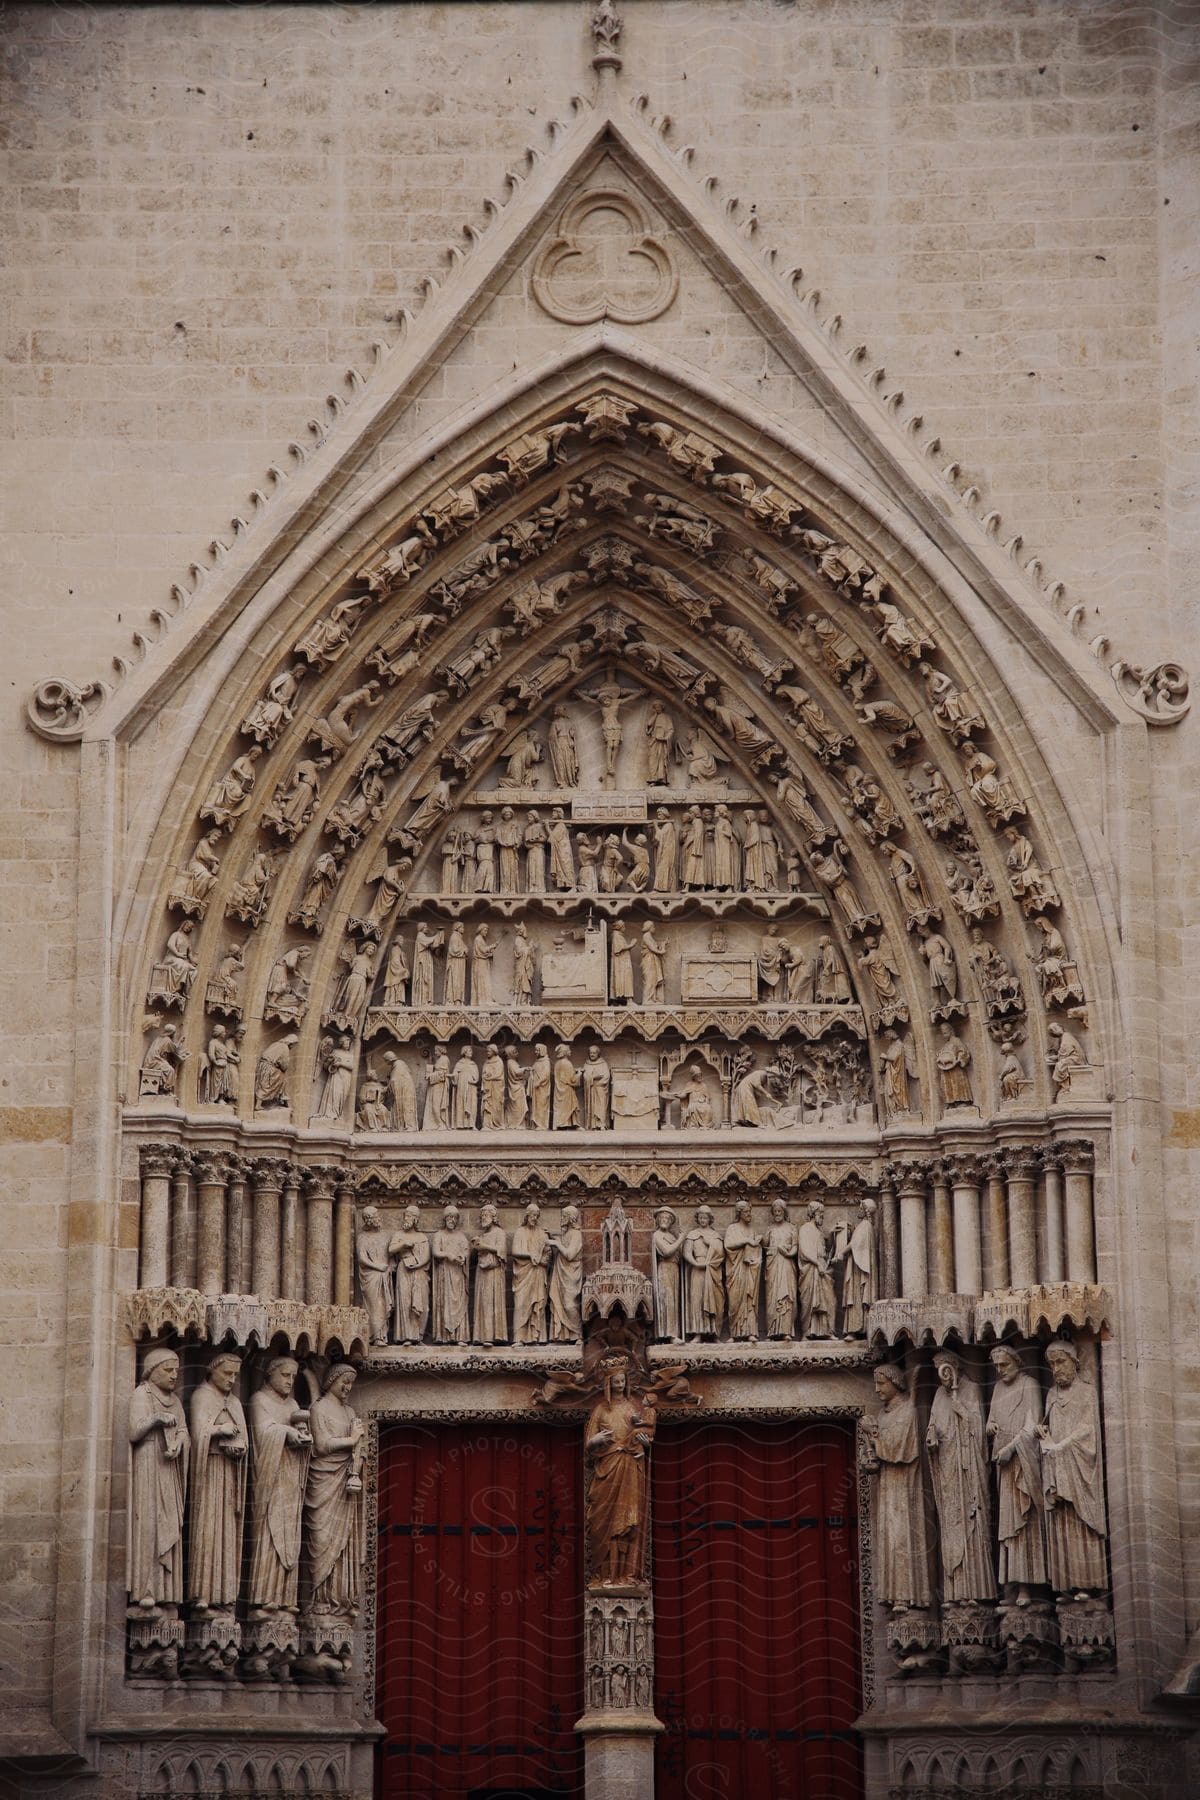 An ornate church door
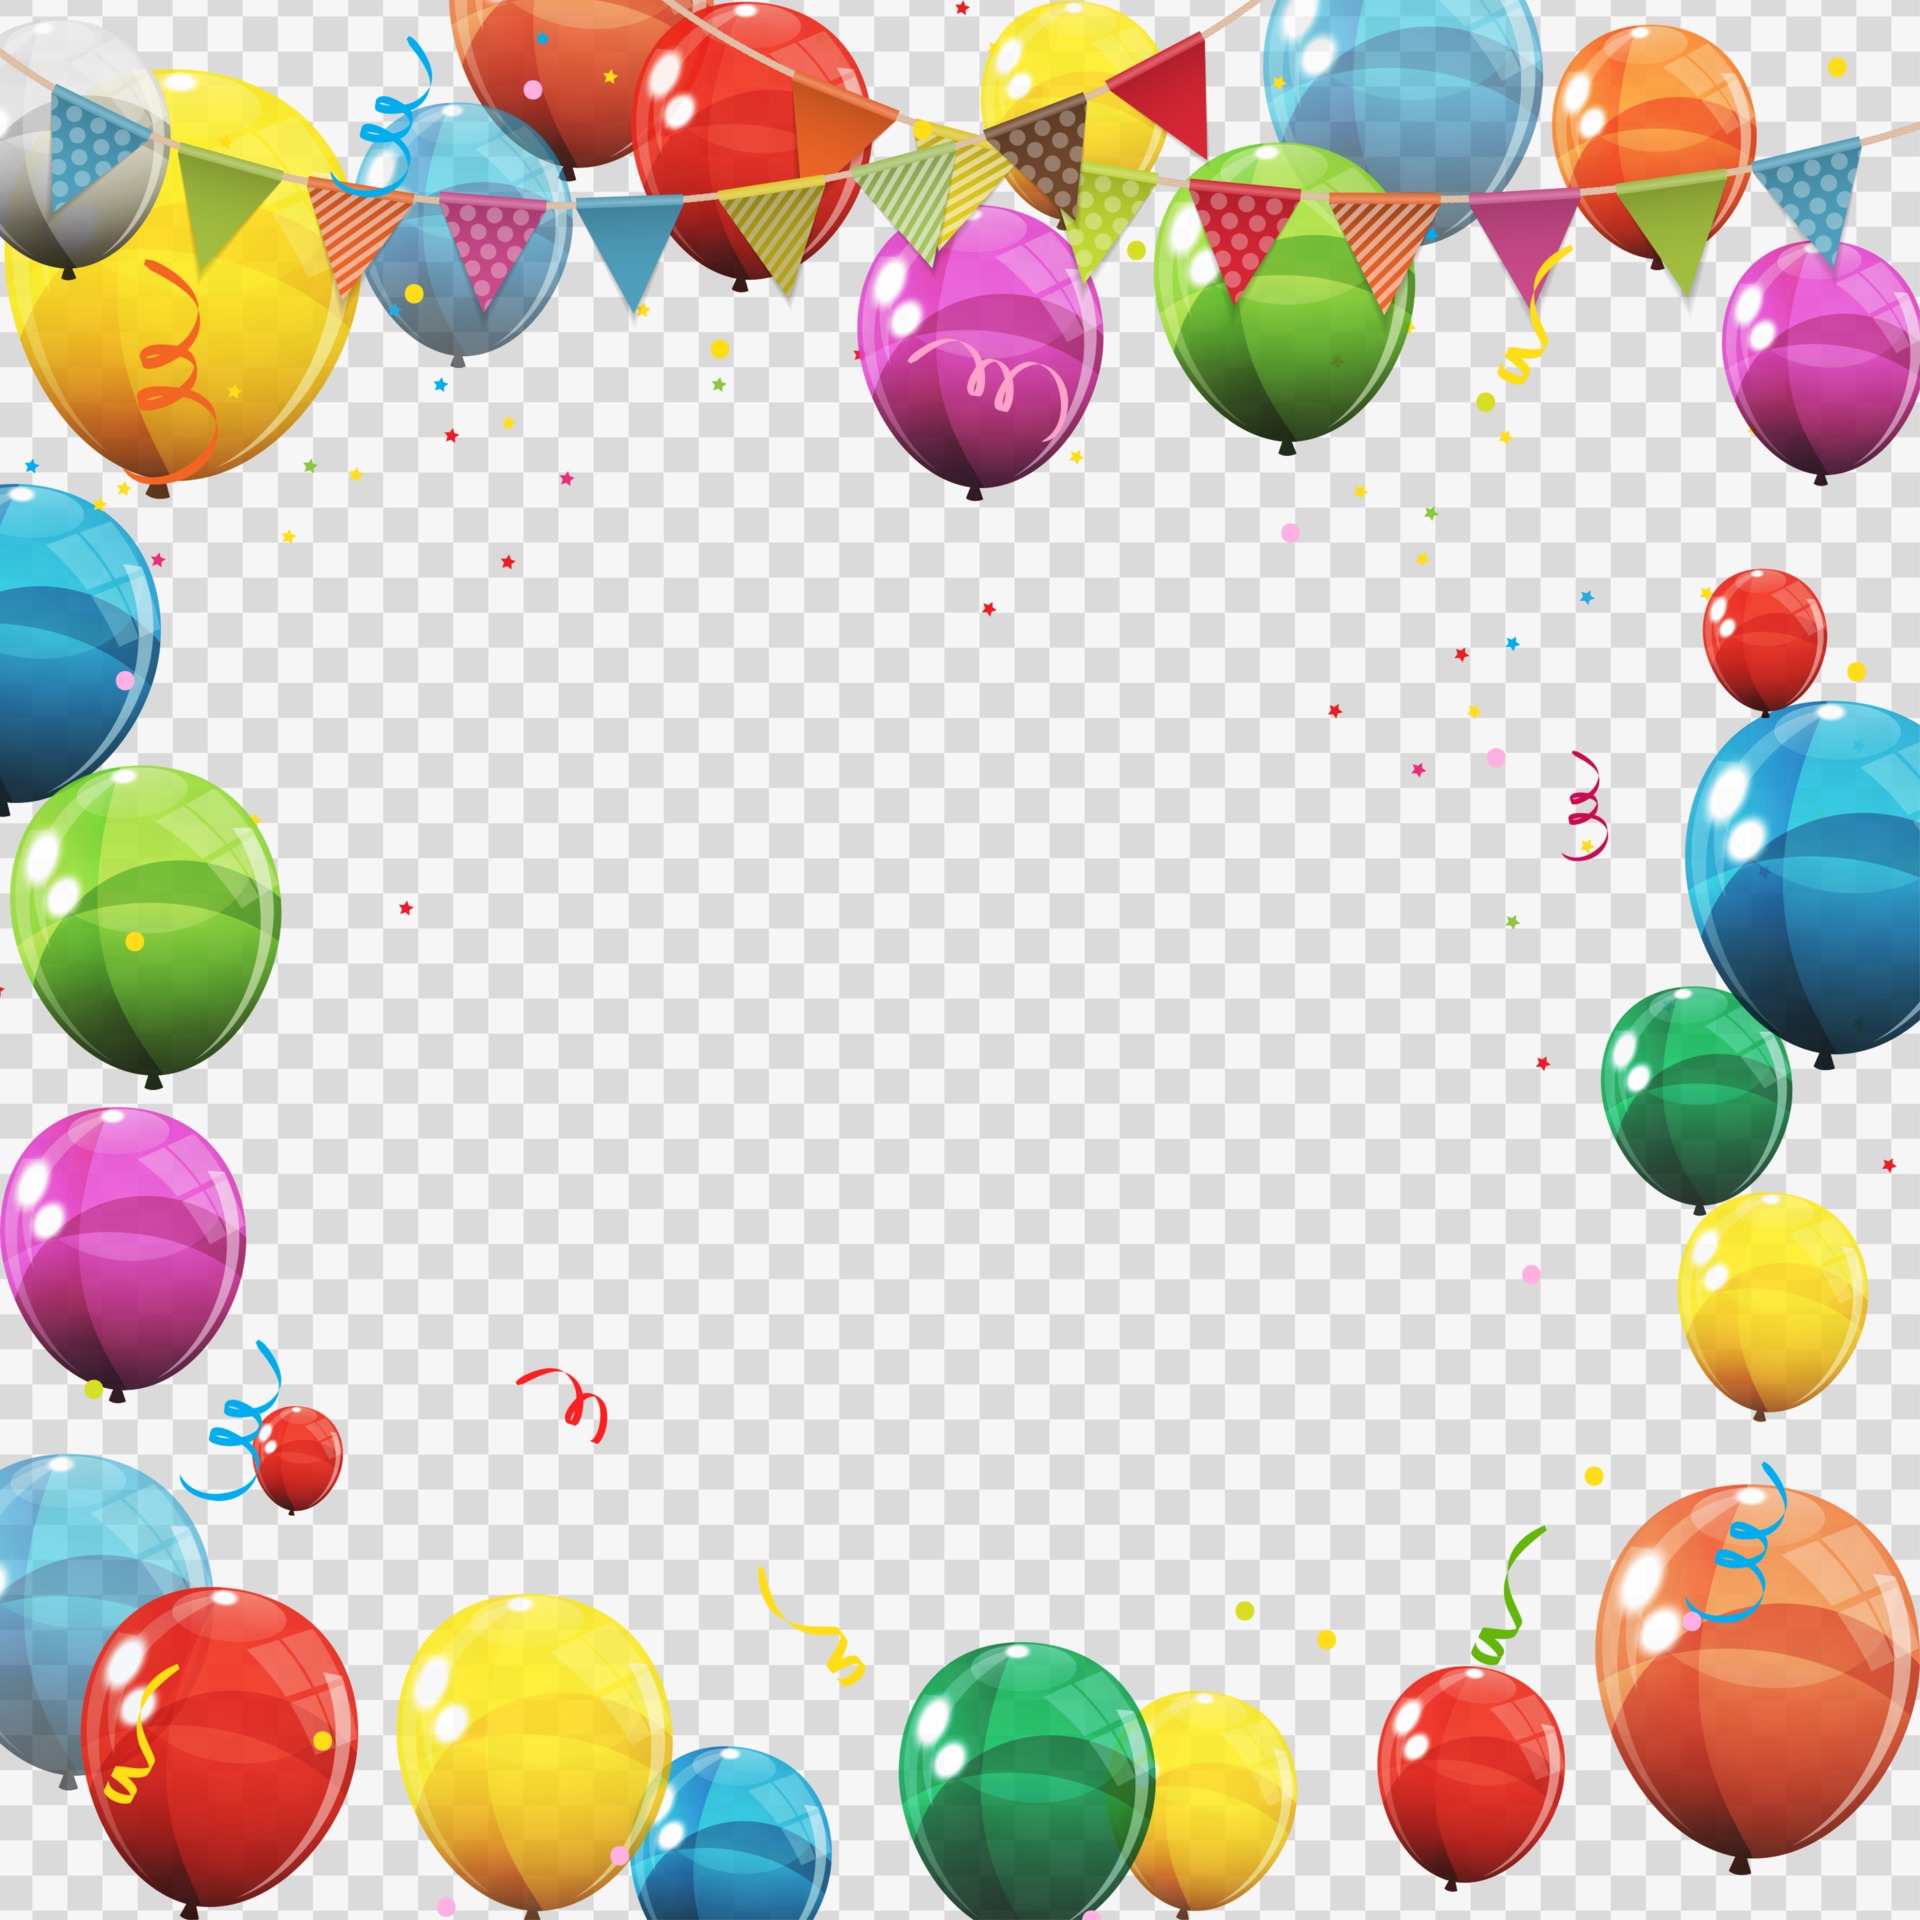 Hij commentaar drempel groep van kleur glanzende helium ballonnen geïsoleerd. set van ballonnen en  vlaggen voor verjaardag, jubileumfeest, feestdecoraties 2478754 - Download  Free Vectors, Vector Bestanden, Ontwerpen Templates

◇ ◇ ◇ ◇

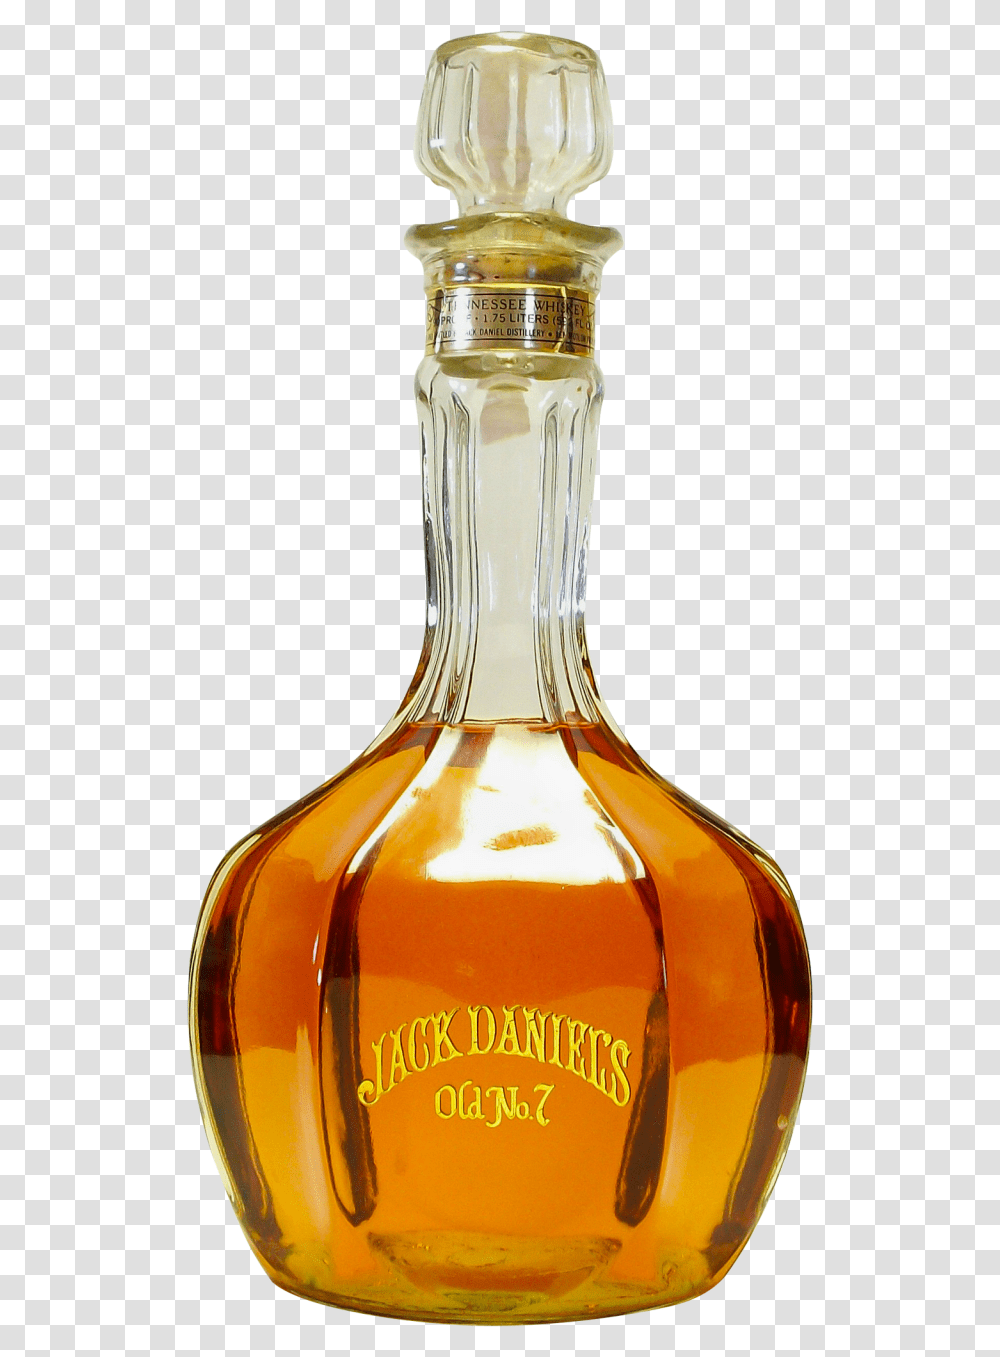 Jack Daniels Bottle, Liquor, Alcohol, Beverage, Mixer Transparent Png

◇ ◇ ◇ ◇

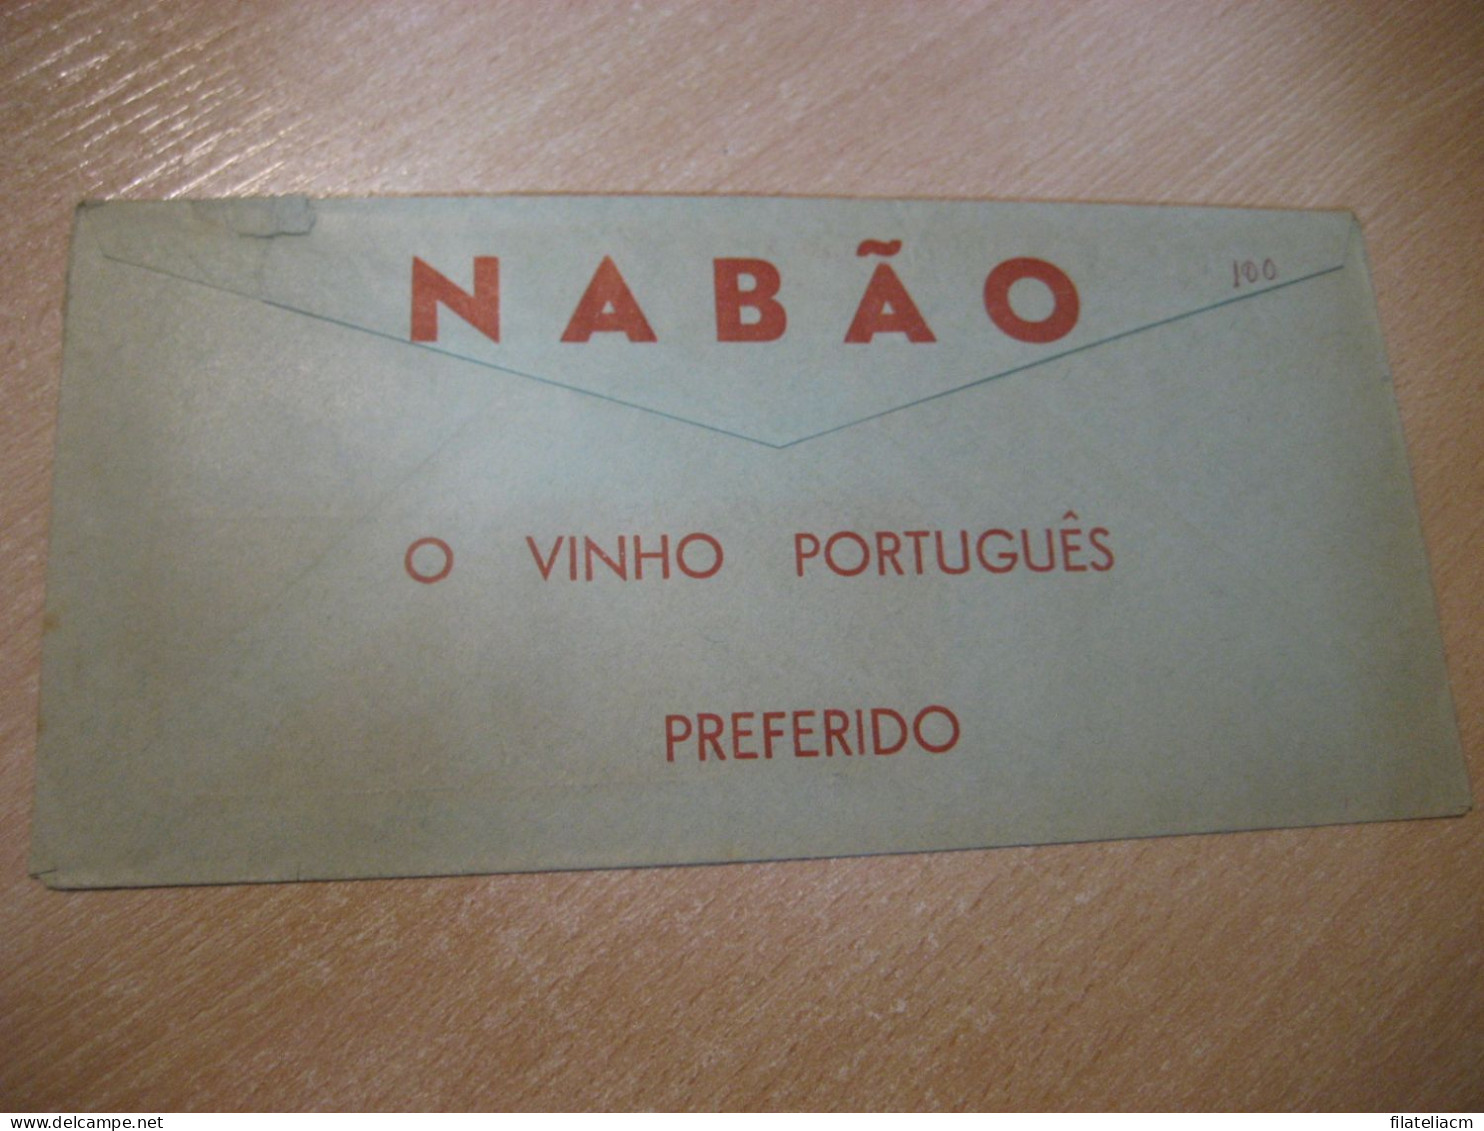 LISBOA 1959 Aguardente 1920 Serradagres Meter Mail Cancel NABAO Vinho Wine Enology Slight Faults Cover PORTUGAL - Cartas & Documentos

◇ ◇ ◇ ◇

What the task asks ->
Above are the records. Copy word for word only their lines from the one holding "An ornate church door" through the one holding "Hij commentaar drempel", both included, and skip the images.

Solution below ->
 An ornate church door
 Hij commentaar drempel groep van kleur glanzende helium ballonnen geïsoleerd. set van ballonnen en  vlaggen voor verjaardag, jubileumfeest, feestdecoraties 2478754 - Download  Free Vectors, Vector Bestanden, Ontwerpen Templates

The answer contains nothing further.